How can I be sure it’s using my GPU? Also, should I go down to a smaller model with this GPU; I realize it’s not a super high-end GPU. Honestly, I googled how to run DeepSeek R1 locally and chose one of the first links I came across. So is using Ollama the way to go, or might there be other potentially better ways to run LLMs?
EDIT: I definitely know that something’s not right. While I was trying to type this up, my desktop started thrashing due to Ollama using all of my memory, which is only 32GB.
You’ll be unable to fit an entire 70b model in a single 16GB GPU.
When you’re using ollama, you can use the ollama ps command to determine the status of it. Here’s an example of me using deepseek-r1:32b on my 6900xt, which also has 16GB of VRAM.
Because the 70b model is 42GB in size, you’ll likely need 48GB at minimum to run it entirely on GPUs.
Given that you only have 32GB of system memory, you’ll not be able to run 70b models with any amount of efficiency, because for each token generated, it will need to swap in and out the different sections of the model, which would result in 1 token every few seconds. You’d be better off measuring in tokens per minute, rather than tokens per second.
I highly recommend trying the 14b model, as that’s what I use when running deepseek on my local. It’s quick and only takes up ~11gb of vram.
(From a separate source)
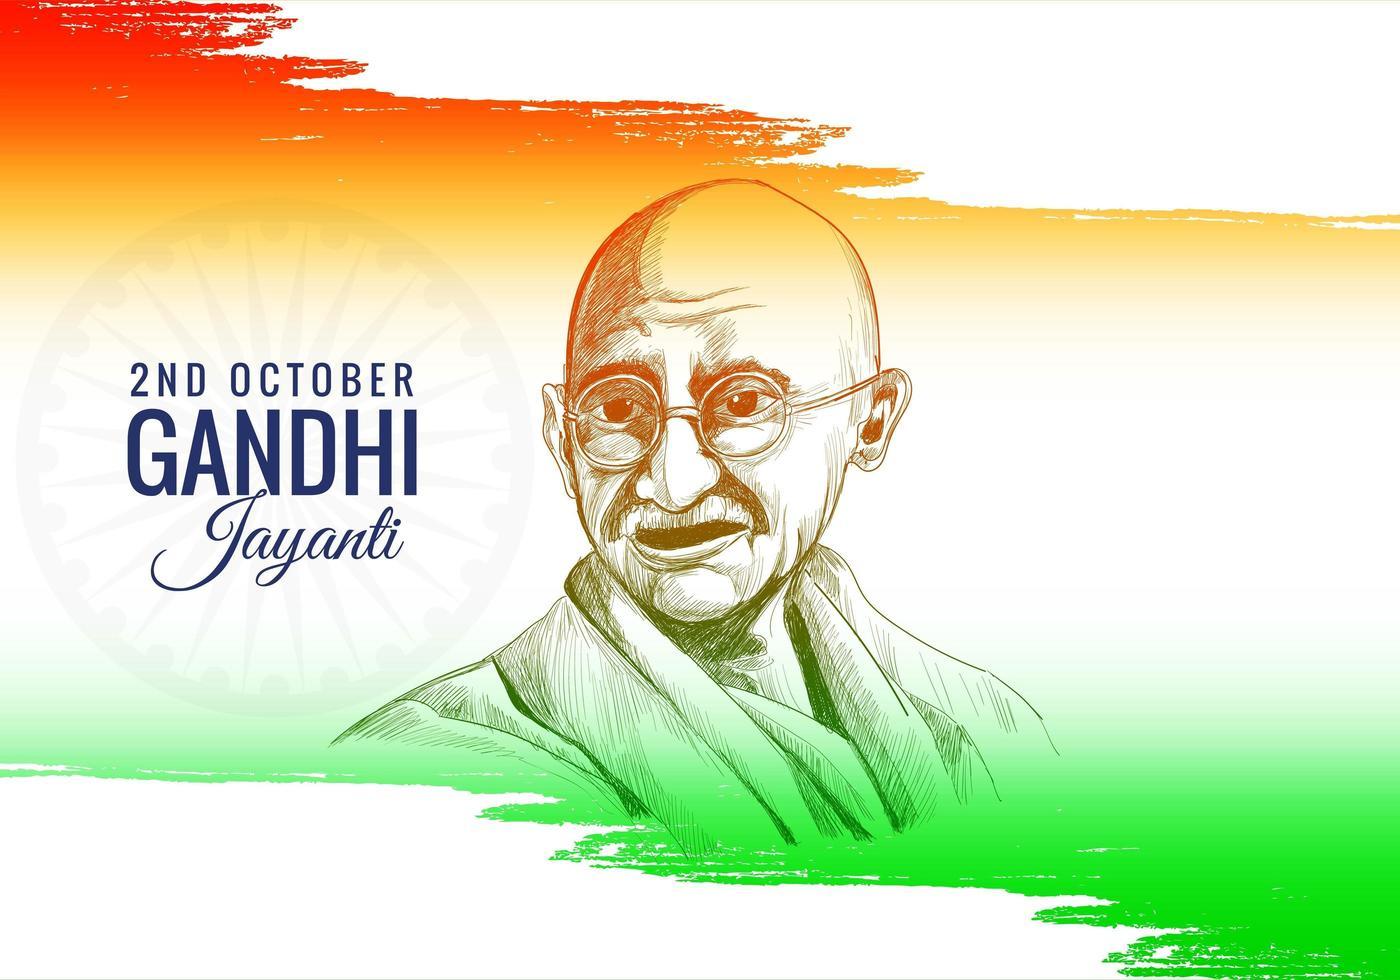 gandhi jayanti gevierd als een nationale feestdag-achtergrond vector

Also keep in mind that the model needs to have GPU memory for context (previous user-input tokens and model-generated tokens it uses to remember the conversation history) and your OS will have some overhead as well. Considering all that, you’ll probably want to max out around 14ish billion parameters at ollama’s default quants.
don’t underestimate the usefulness of the lower parameter models. there are many strong 7b and 14b models out there that will fit on consumer gpus. And run faster not not having to offload to the cpu. I think it makes for a way better experience.
It really depends on your expected time to response. If you’re trying to have a “conversation” it makes sense to run a lower parameter model, but I’ve got 70b models that I’ll run on my CPU if I’m going to ask it something then step away for 20-30 minutes.
Another is that for every 1 Billion parameters ~ 1GB of Vram. Though the model size is a much better indicator of if the model will fit in your gpu.
There’s also a trade off between the parameters and quantization level. Generally for better model outputs, you want a higher parameter model at a the highest quantization level your system can handle.
Answer to the OP’s question: use the 14B r1 model for the 9070
Given the OP is running a rx 9070
the vram is ~12gb and the the model size is 9GB, the upper end of your models should be about 14B, as you should be able to run ~12B parameter models.
When your GPU doesn’t have enough vram to fit the model parameters for inference, ollama will use the system memory and cpu for inference. The tokens/second will be lower and slower compared to a gpu, but you can run bigger models at slower speeds
LMStudio is great, just keep in mind that the license is for personal use. Ollama has a MIT license, so if you are making money with your model endpoint, I’d definitely learn how to use it.
That said, I really like how they have hardware compatibility filters for models. It’s great if you don’t know what parameters and quantization. The devs also have someone who will frequently fine tune and release models when companies release them relatively quickly. I follow their discord to learn about new models XD
Other model suggestions: look into qwq for advanced reasoning models
If you are dead set on running a model similar to the r1 model, I would consider running qwq, as the r1 models on ollama are fine tuned qwen models
I’ve been trying out the unsloth models and I find that the outputs are much better than the base qwq models
The 70B model is a fine tuned llama model
Quantization vs Parameter count: Go for more parameters at a lower quantization when possible
Given the OP has a 12gb, I would start with the base 27B model as the size is only 16GB. If performance is good and fully utilizes the gpu enough stay there. Otherwise drop down to the 9B base model.
I would agree if you need a llm to follow your prompts, instruct is much better.
If you aren’t happy with the base models, try the instruct at higher quantization level and drop it down if ollama isn’t using your gpu. The next gemma version I’d try with the 9070, is the 27b-instruct-q3_K_S the model size is about 12 gb. If ollama is offloading it to the cpu, then I’d drop down to the 9b-instruct-q8_0 .
Repeat this process for any other popular models on ollama. The LocalLLaMA forum is a great place to see what models people use. The LM Studio and Ollama Discord servers are also great for learning when new models are available
Sorry for leaving this hanging. Doing a bunch of homelab stuff rn, and meanwhile work’s been busy while I have also been applying for jobs elsewhere. I’ll have to come back to this when I don’t have to deprioritize it.